→ **Exercise data**
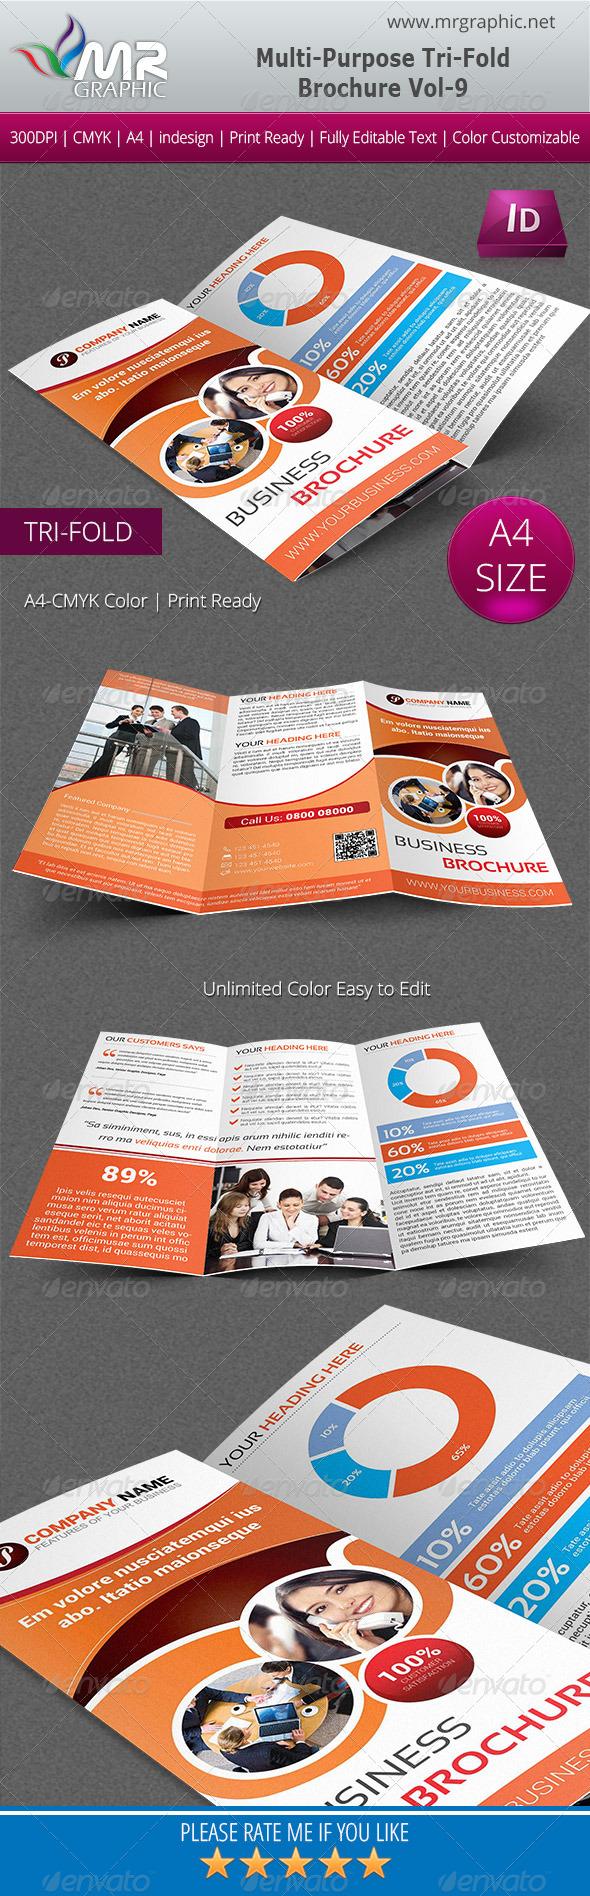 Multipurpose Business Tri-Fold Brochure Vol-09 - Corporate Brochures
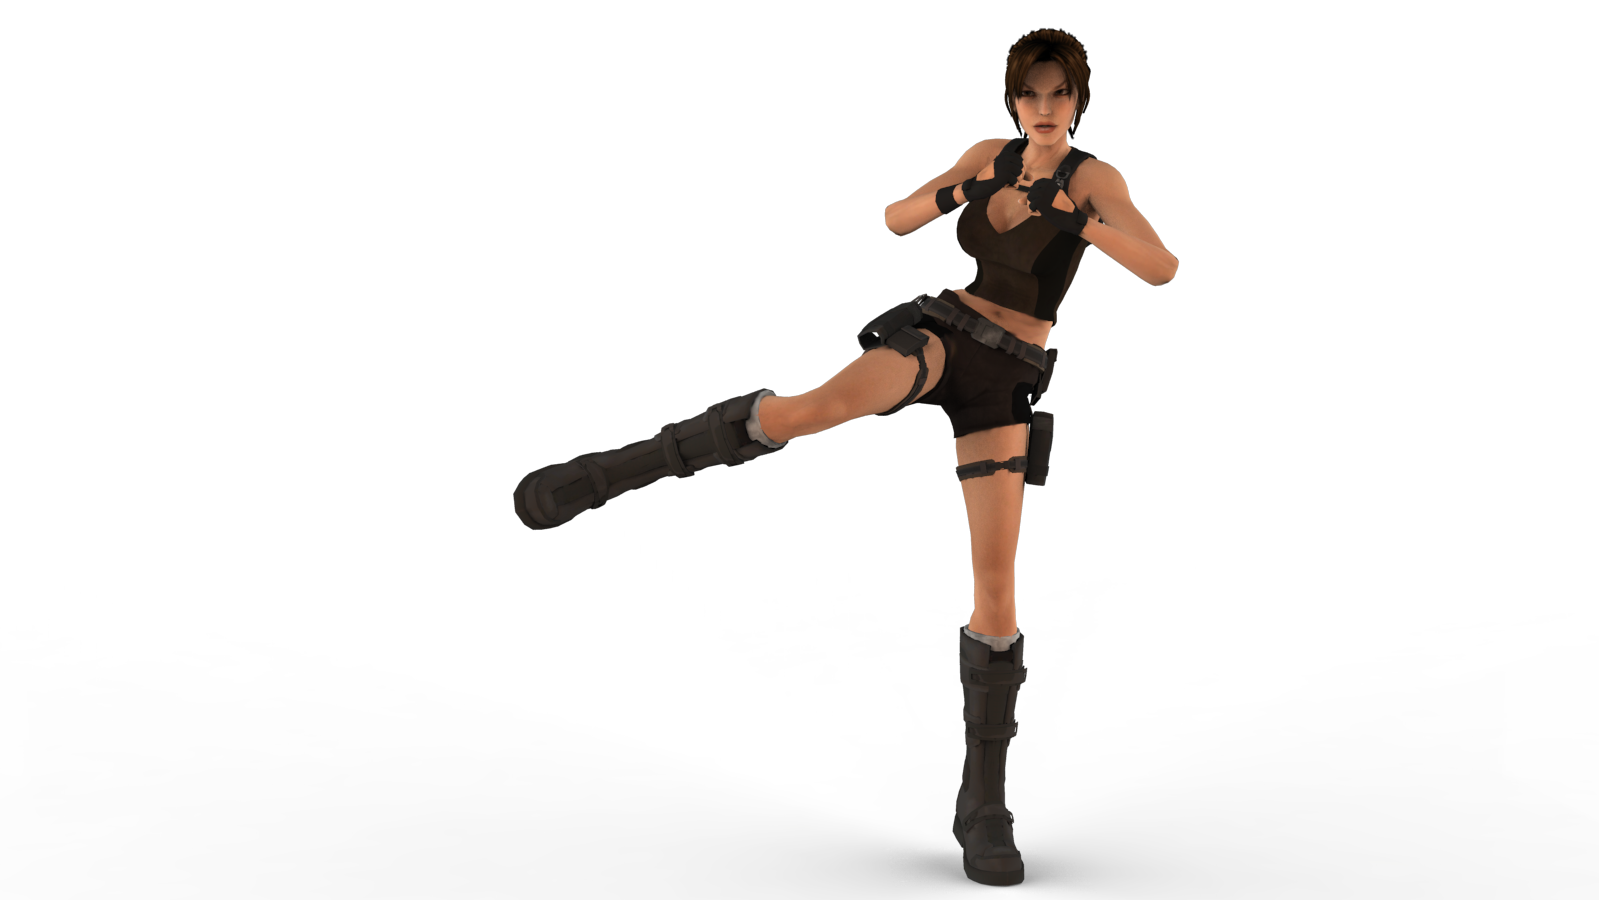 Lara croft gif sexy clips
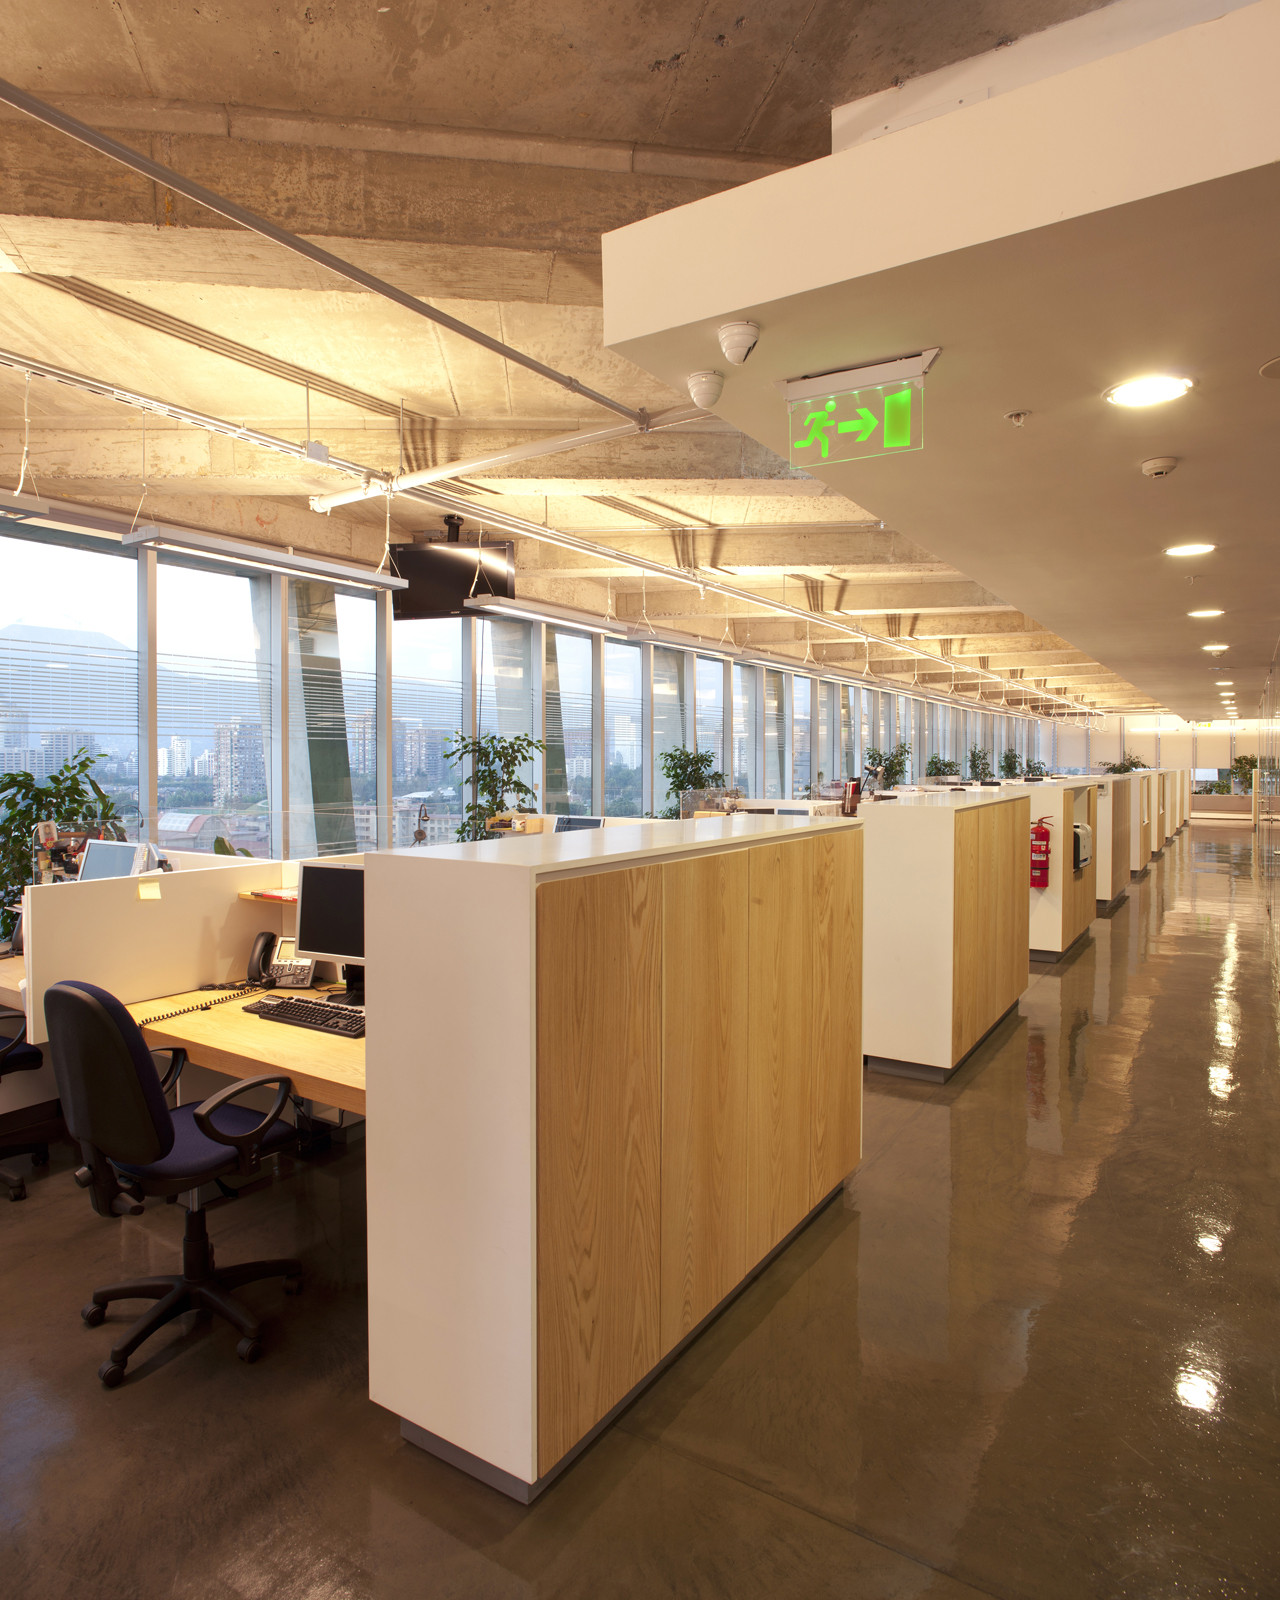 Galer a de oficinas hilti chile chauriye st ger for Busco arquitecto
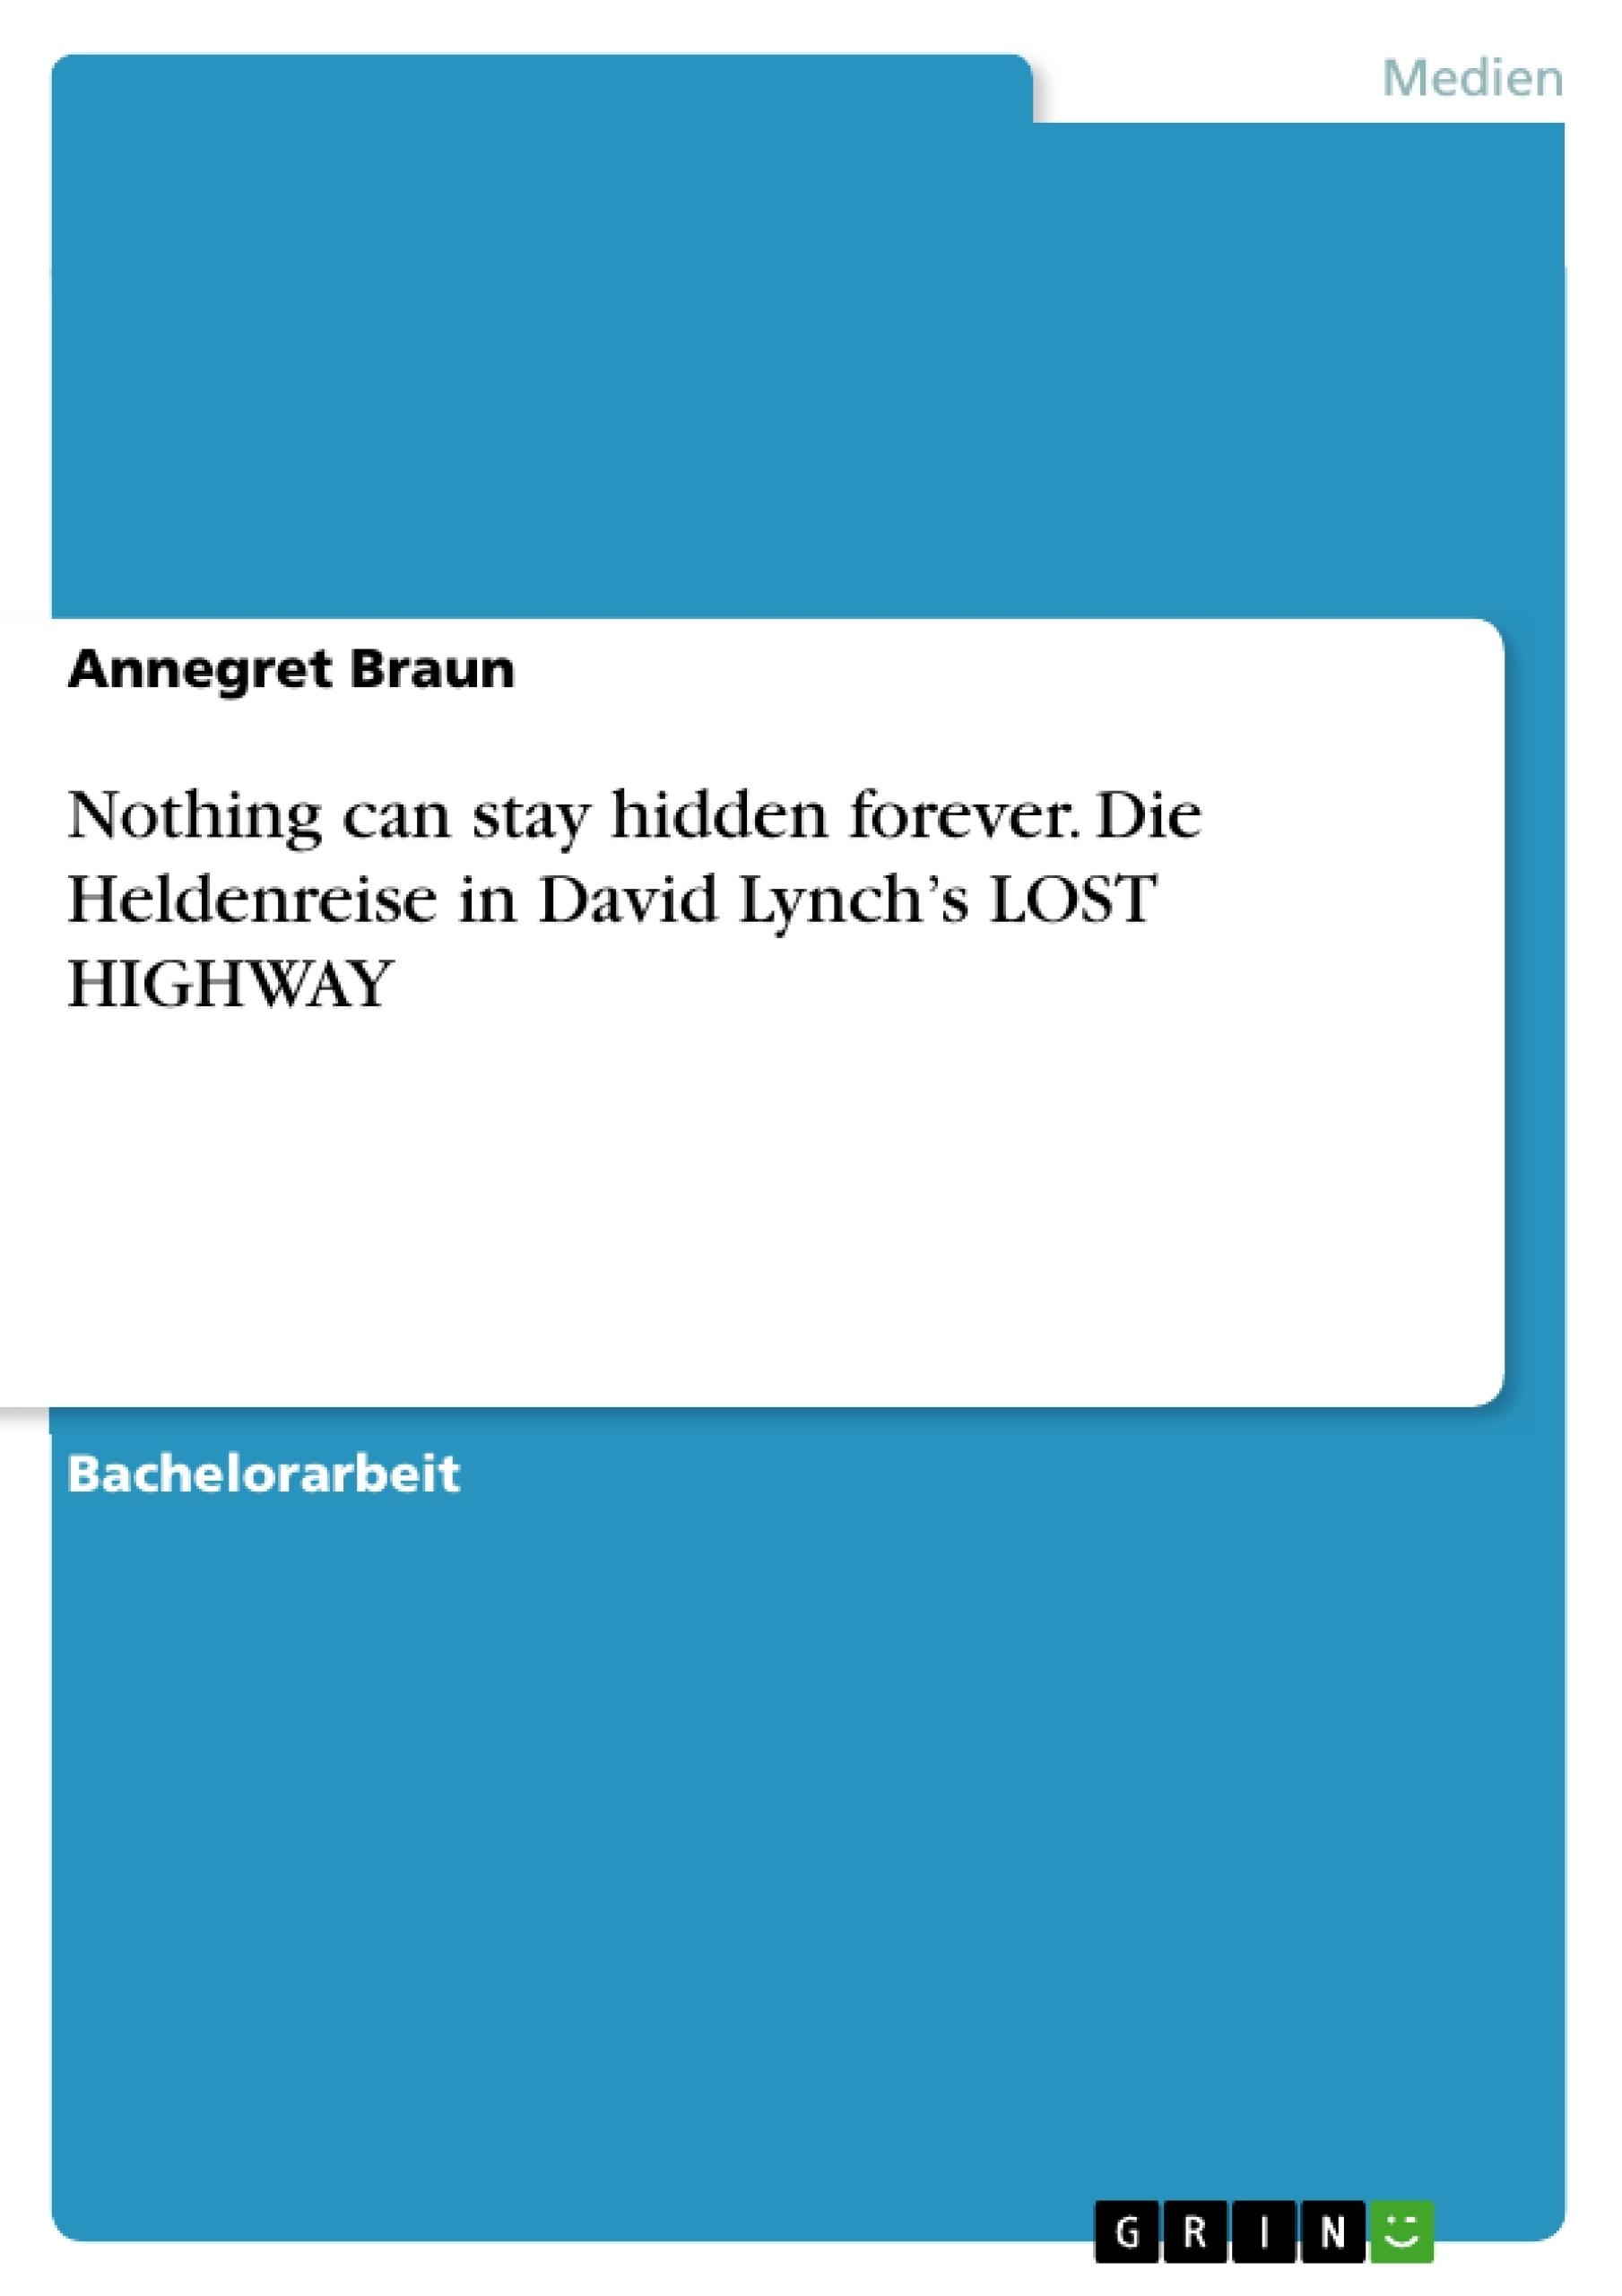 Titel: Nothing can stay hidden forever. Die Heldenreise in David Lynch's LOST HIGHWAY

→ **Problem requirements**
Give every line above again exactly, omitting whatever pictures appear.

→ **Written answer**
 Multipurpose Business Tri-Fold Brochure Vol-09 - Corporate Brochures
 Lara croft gif sexy clips
 Galer a de oficinas hilti chile chauriye st ger for Busco arquitecto
 Titel: Nothing can stay hidden forever. Die Heldenreise in David Lynch's LOST HIGHWAY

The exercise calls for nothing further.